Last week our foster child, a three-year-old little girl who’d spent more than year with us, was taken from our care. She’s now separated from the brothers and sisters with whom she’d bonded and celebrated two birthdays. Her frequently incarcerated parents had her moved to a “family friend”, a bailbondsman she’s only met recently in brief visits who just happened to have gotten her dad released from jail.
Chances are this little girl will never see us again. But she’ll regularly see her father, an illegal alien who faces charges for trafficking millions of dollars in hard drugs. We told her case worker we’d be willing to adopt her when her mom and dad were arrested for two million dollars in drug trafficking. Now they both have unrestricted access to her through the bondsperson who has her.
The trajectory of her young life seems almost certainly laid out, and there’s absolutely nothing we can do to help her. This is a tragedy, plain and simple.
It’s taken me five days to stop crying. I see her empty chair, a toy she loved, anything that even remotely reminded me of her and I just start sobbing. It was one of those agonizing cries that are so deep your chest hurts when you’re through.

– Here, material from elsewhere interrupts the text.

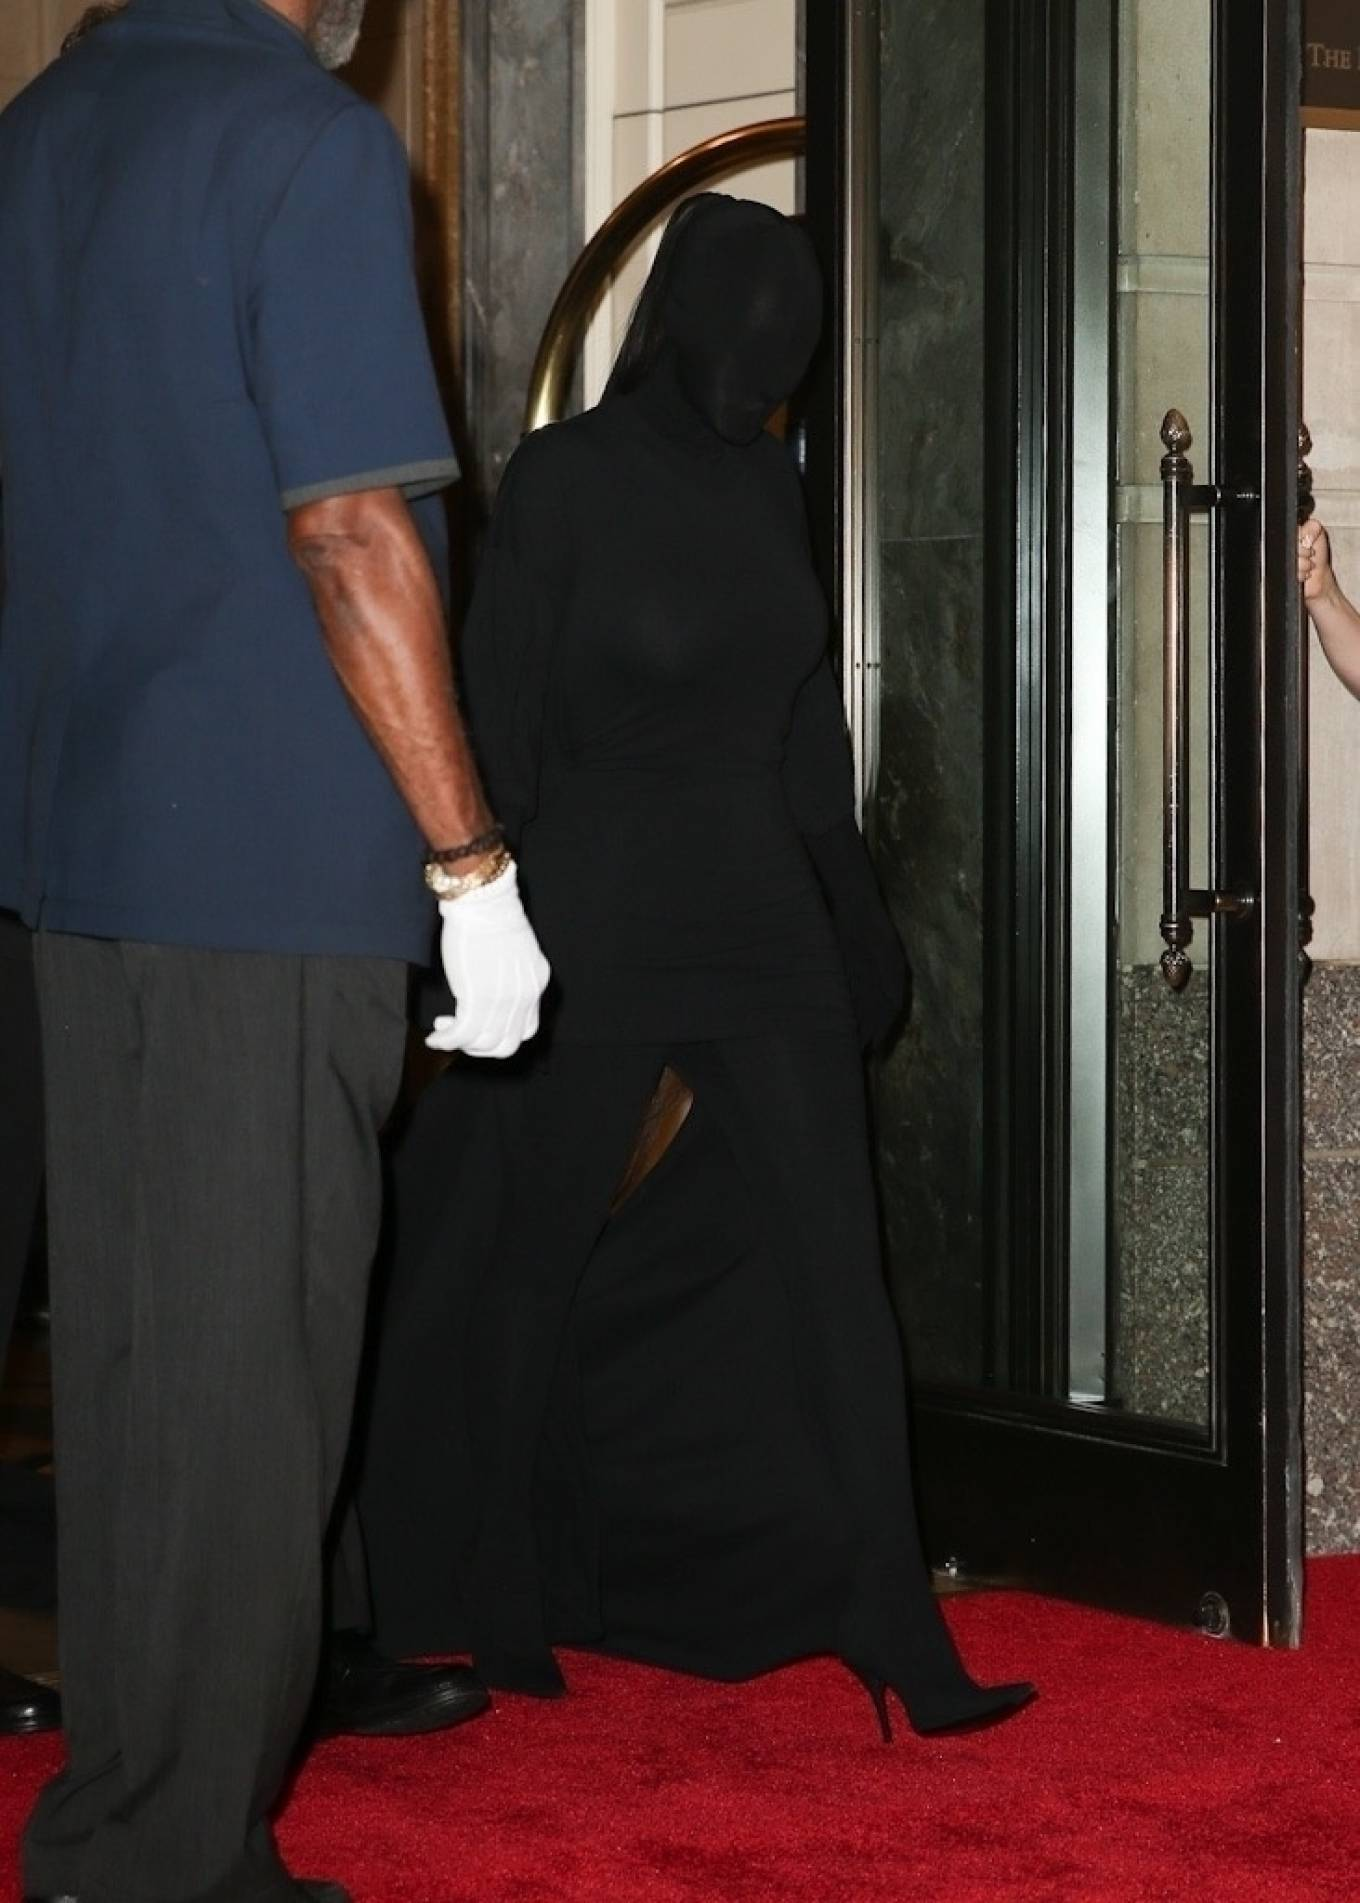 Kim Kardashian 2021 : Kim Kardashian – Seen while exits The Ritz-Carlton hotel ahead of the Met Gala in New York-10

Eventually, I decided I’d just try to pray for her every time I thought of her.
I’ve done a lot of praying this past week.
Honestly, I’m not proud of some of my prayers. I finally understand what those “imprecatory Psalms” are all about.“Imprecate” means to “pray evil against” or invoke a curse. Those are the ones that have probably shocked you when doing your devotions with King David’s poetry, like Psalms 109…
“Let his days be few, and let another take his office. Let his children be fatherless and his wife a widow…”
Those are the kinds of things you start praying against the people who’ve taken a helpless little girl out of your protection and thrown her to wolves. I know what you’re thinking, that I want revenge. No, what I truly want is justice – for evil to be held accountable, and the world somehow to be set aright. And in this screwed up world, I realize God is the only one who can sufficiently repay all the evil.
But God seems determined to wait until the next world before He fixes some problems and settles the scores. And while we wait for that day, suffering abounds.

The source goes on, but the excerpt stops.